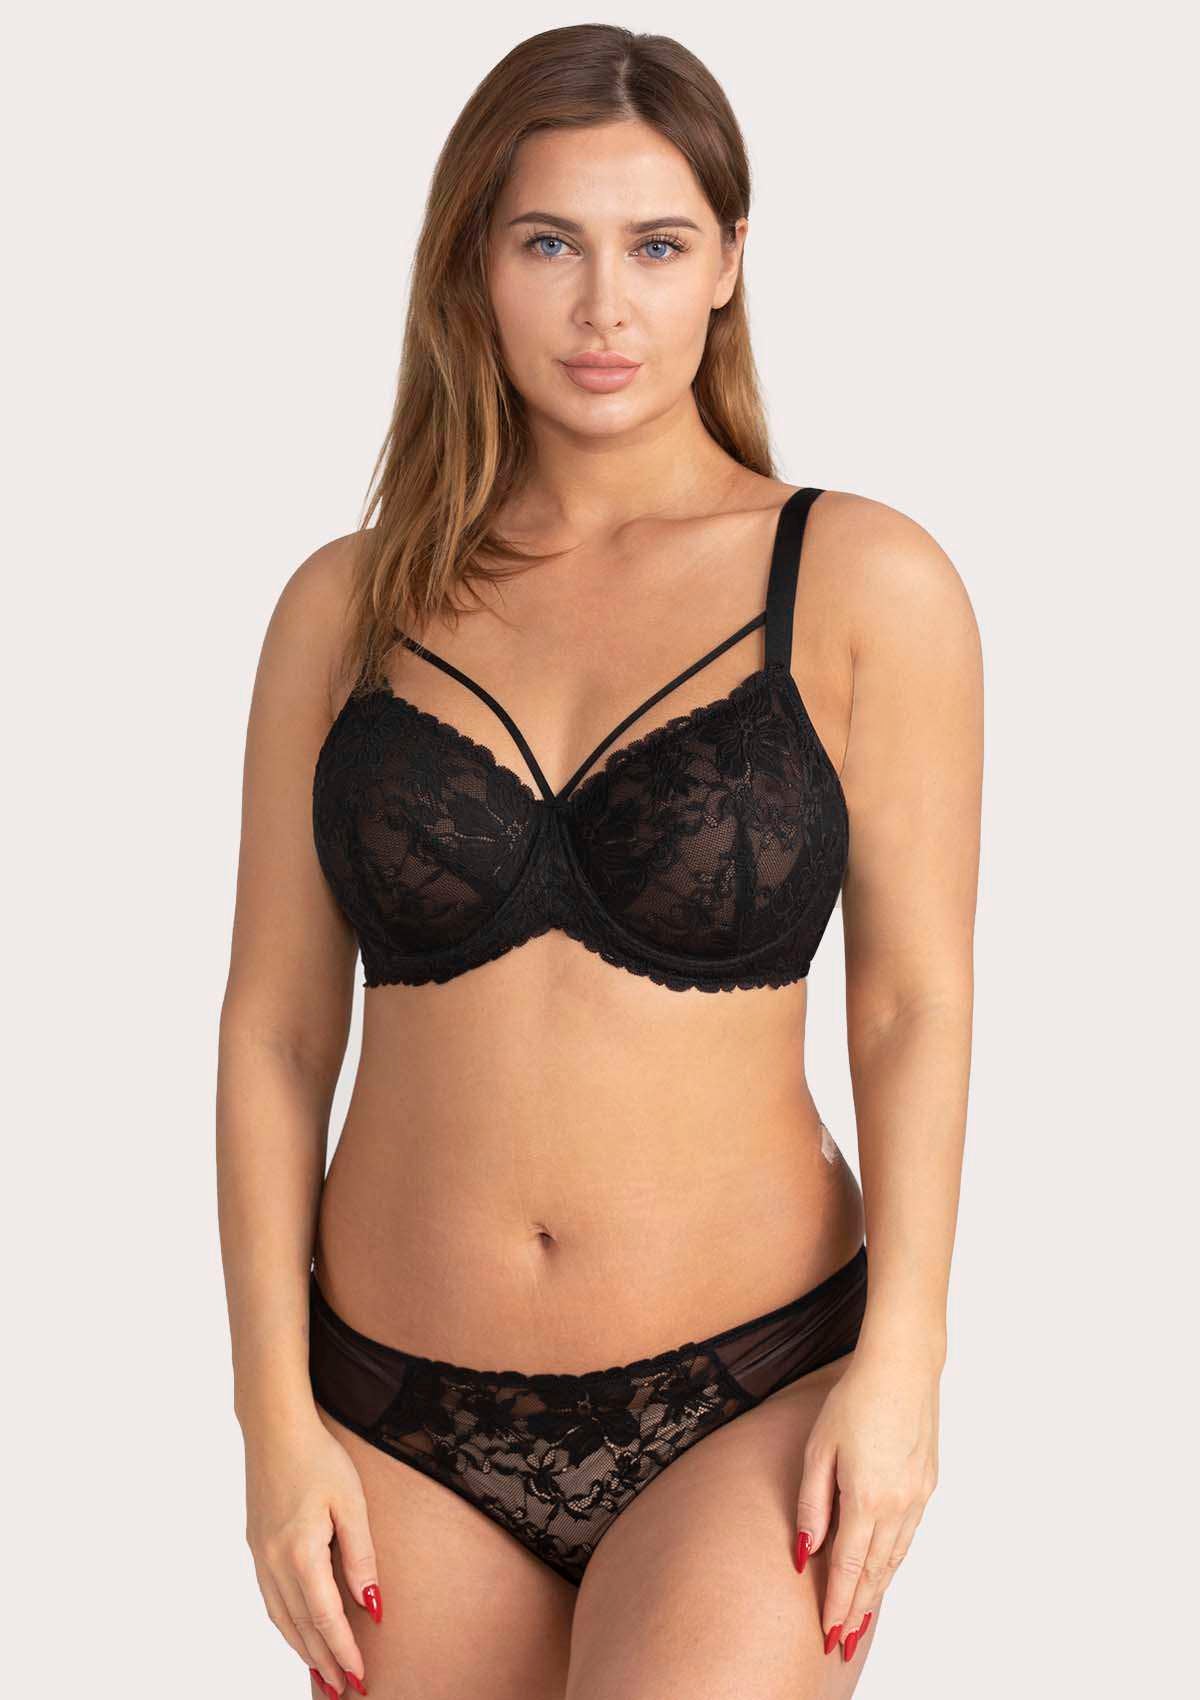 HSIA Pretty In Petals Lace Bra And Panty Set: Non Padded Wired Bra - Black / 38 / D
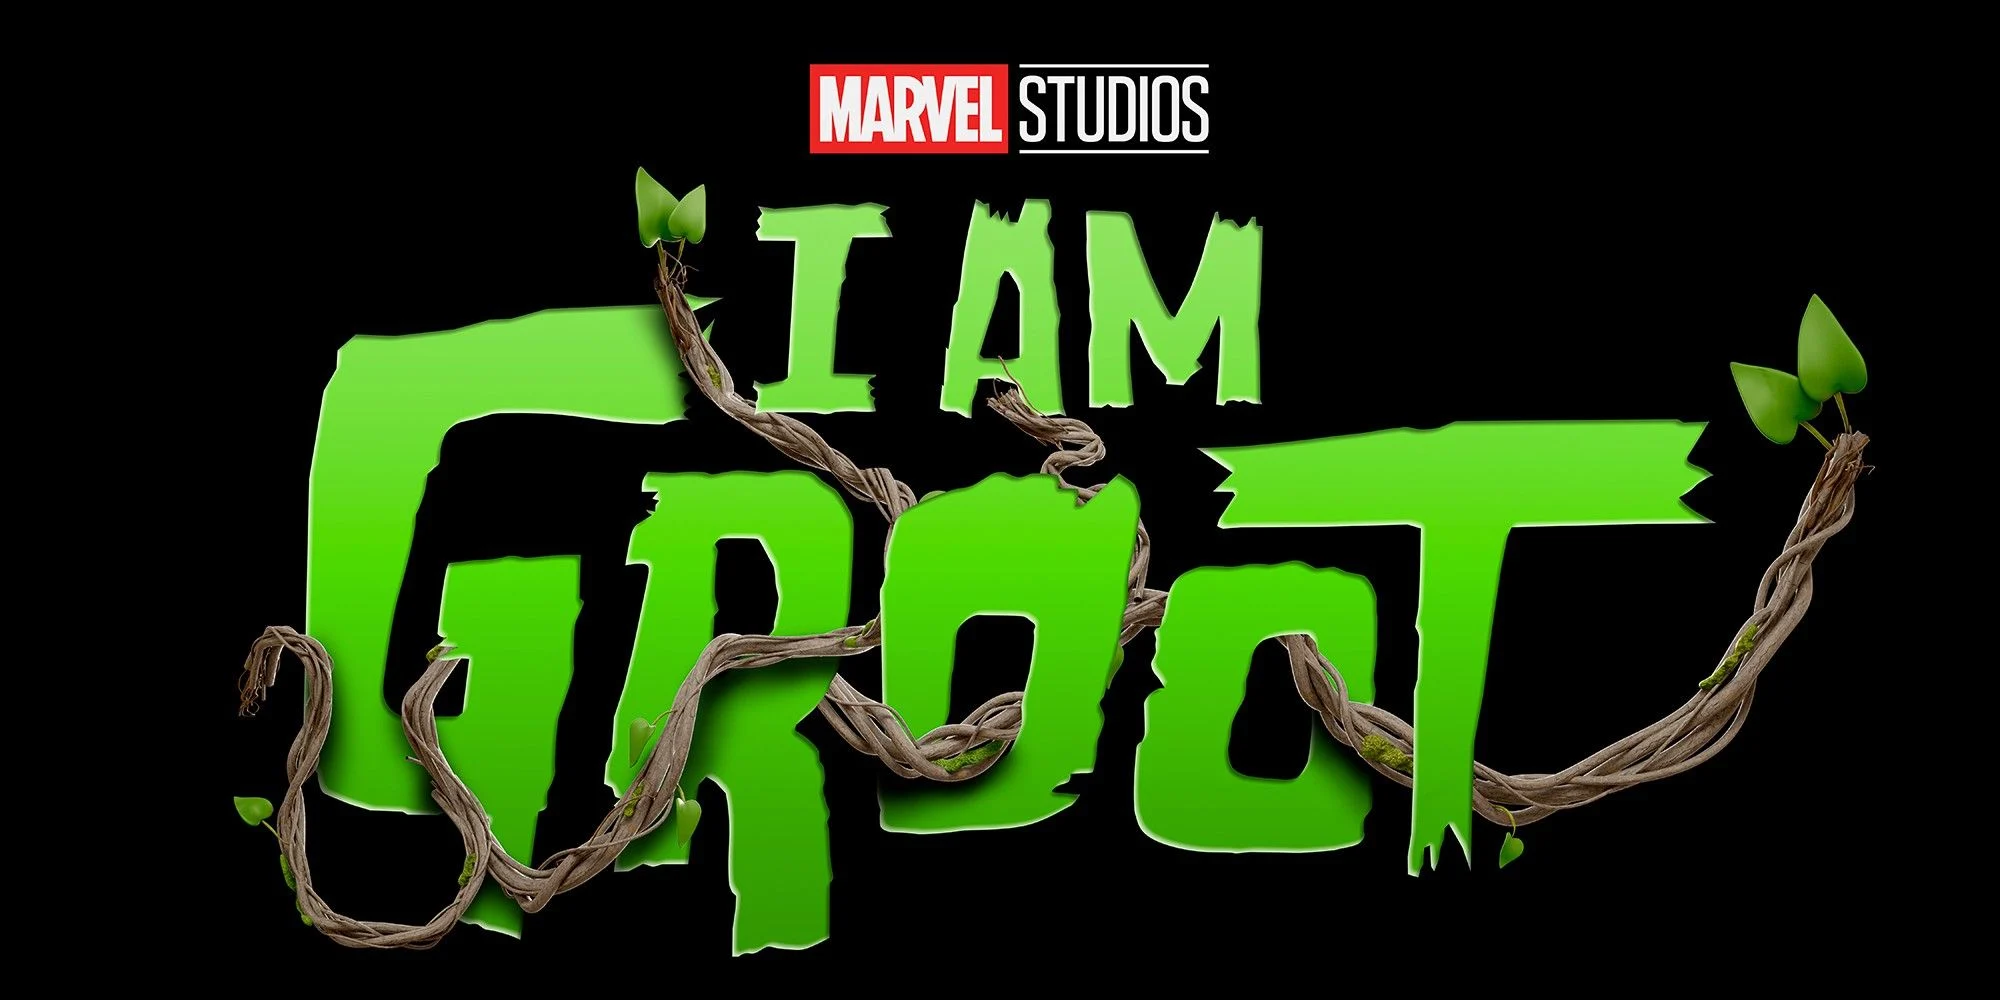 Was A Possible "I Am Groot" Release Date Hinted At?
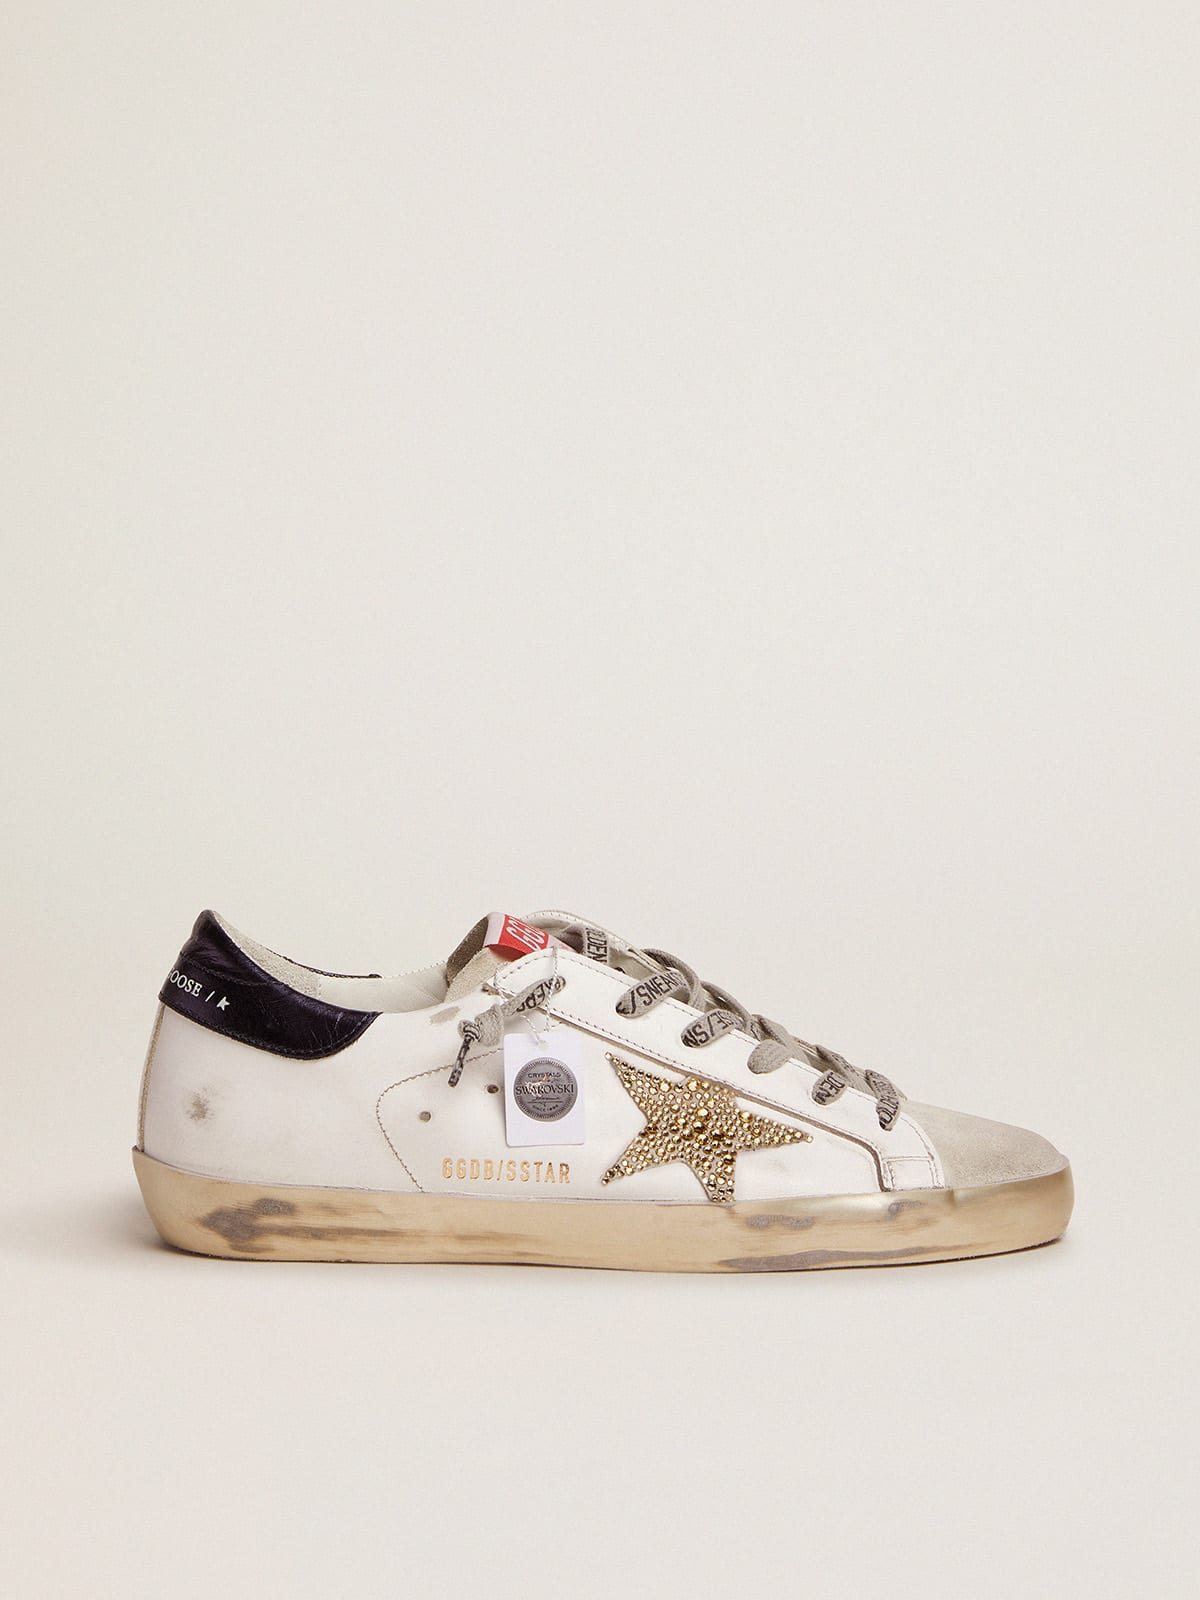 Golden Goose - Super-Star LTD sneakers with blue heel tab and Swarovski crystal star in 
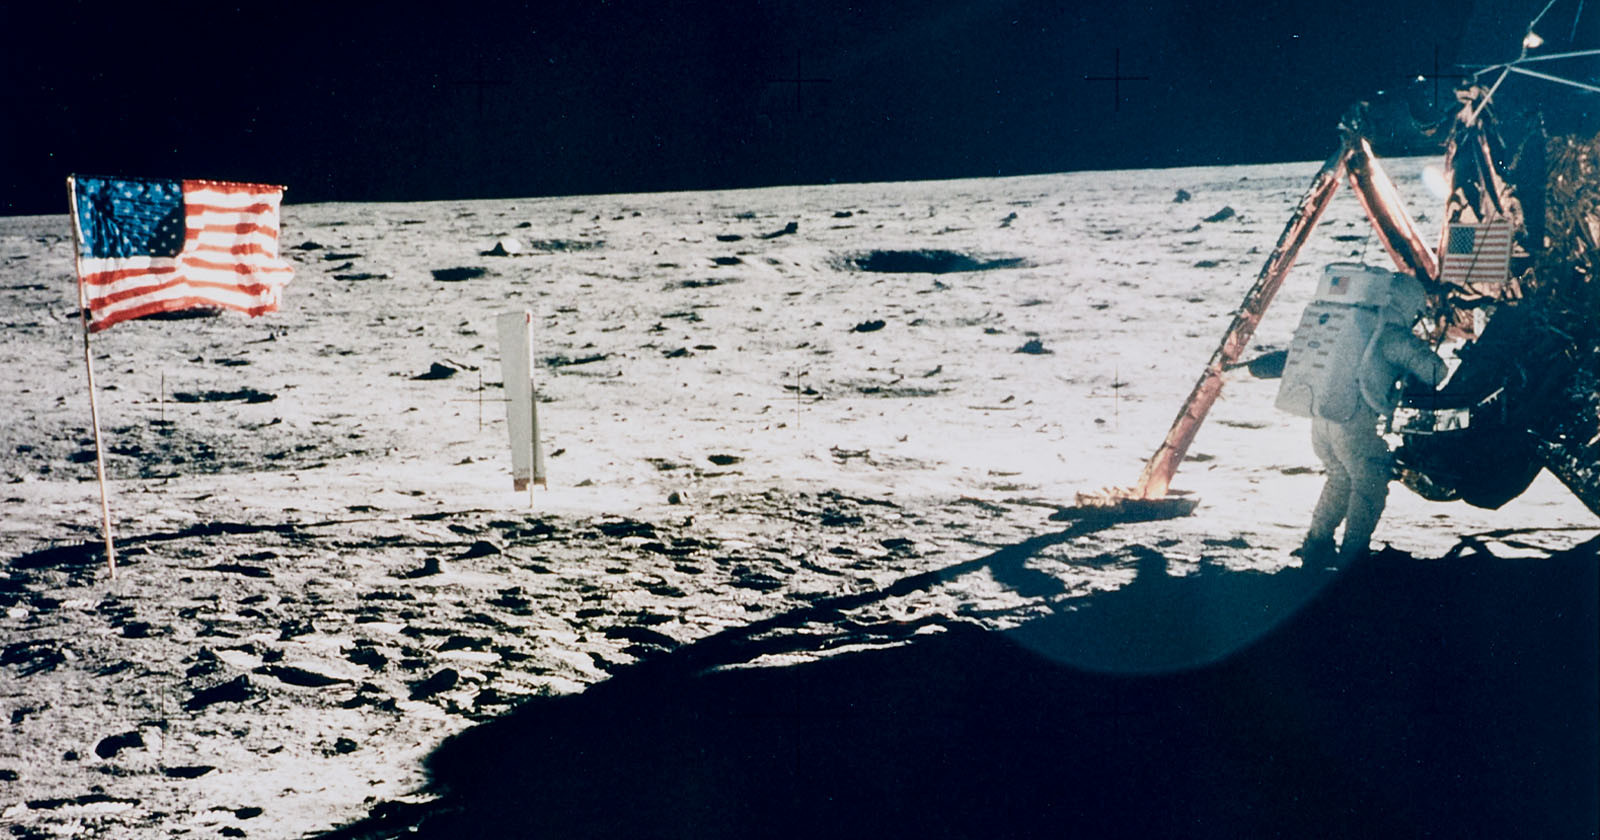 The Only Photo of Neil Armstrong on the Moon Estimated to Sell for $30,000
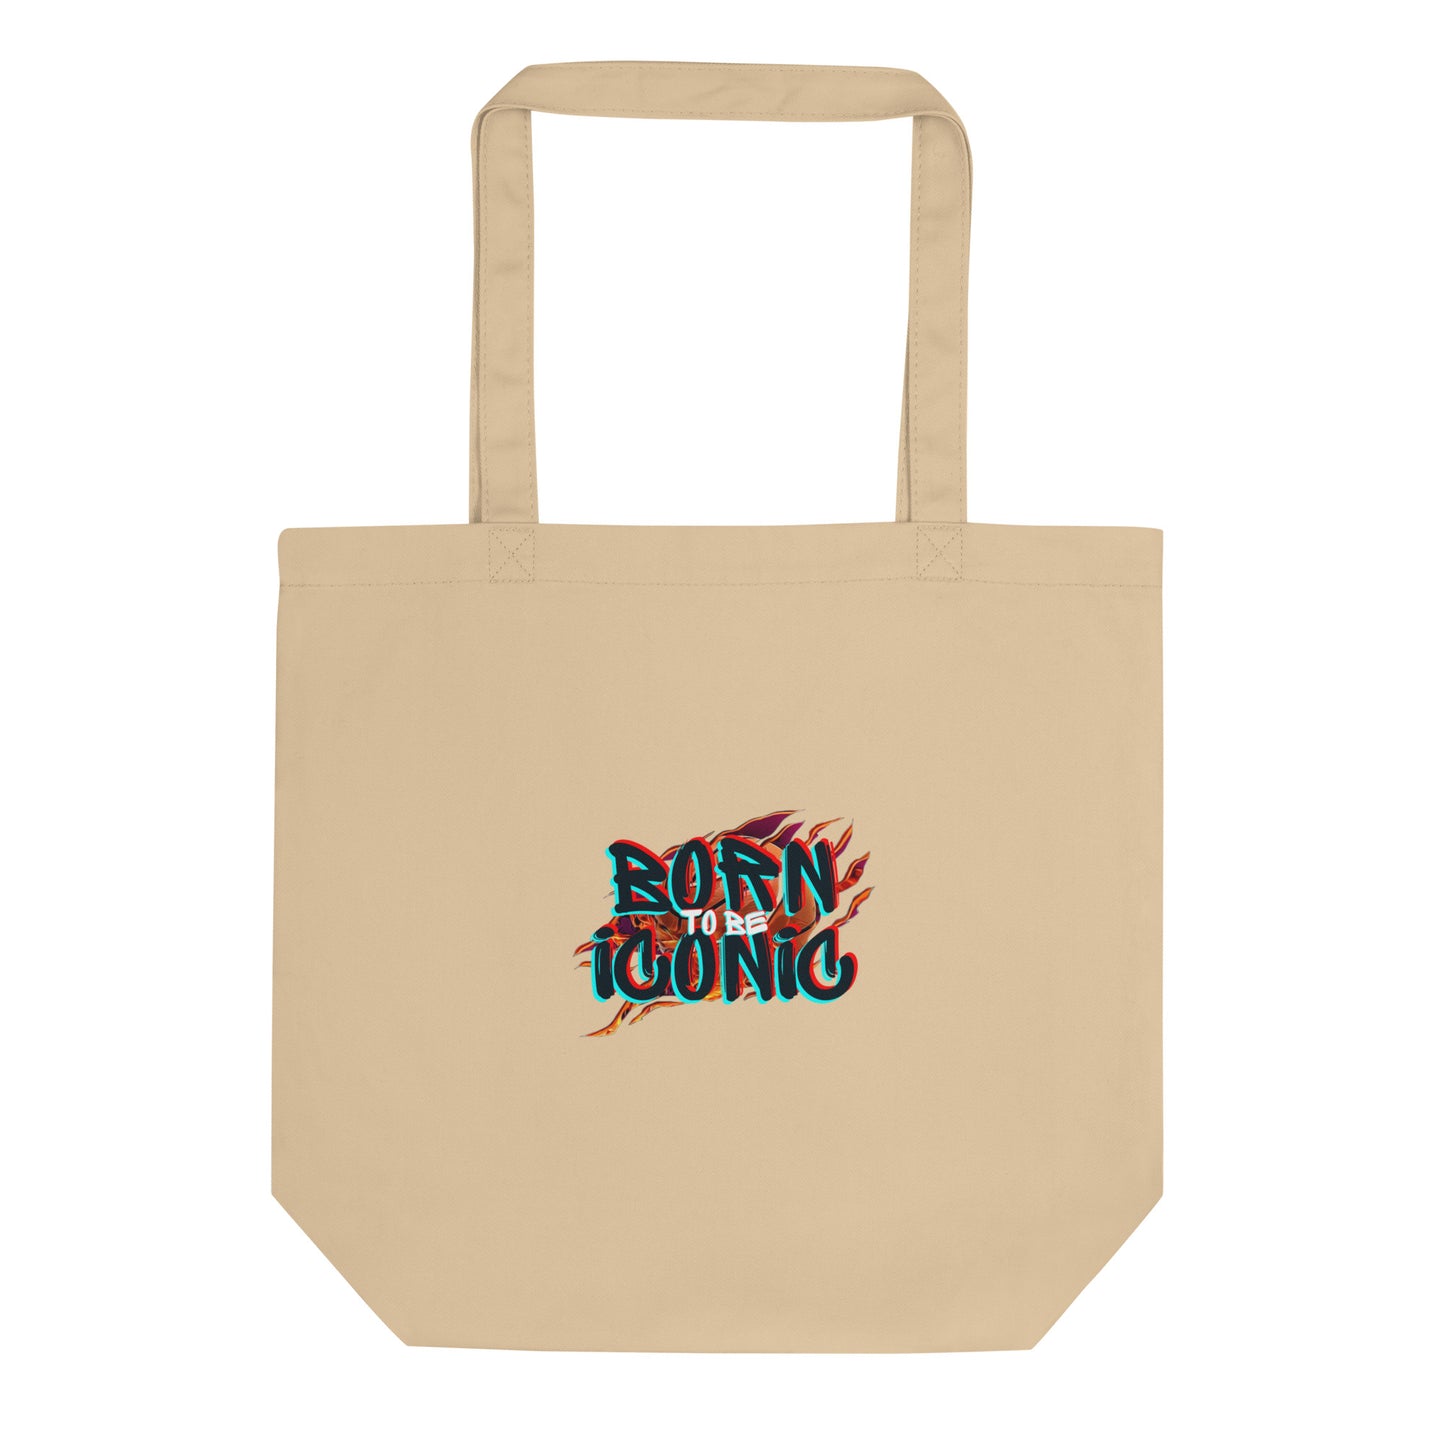 Born to Be ICONIC Eco Tote Bag

-=-=-=-=-

Pictures should not appear in the copy. Write out exactly the lines above from the first one through the line that contains "The Only Photo".

### WRITTEN RESPONSE
 HSIA Pretty In Petals Lace Bra And Panty Set: Non Padded Wired Bra - Black / 38 / D
 Was A Possible "I Am Groot" Release Date Hinted At?
 Golden Goose - Super-Star LTD sneakers with blue heel tab and Swarovski crystal star in 
 The Only Photo of Neil Armstrong on the Moon Estimated to Sell for $30,000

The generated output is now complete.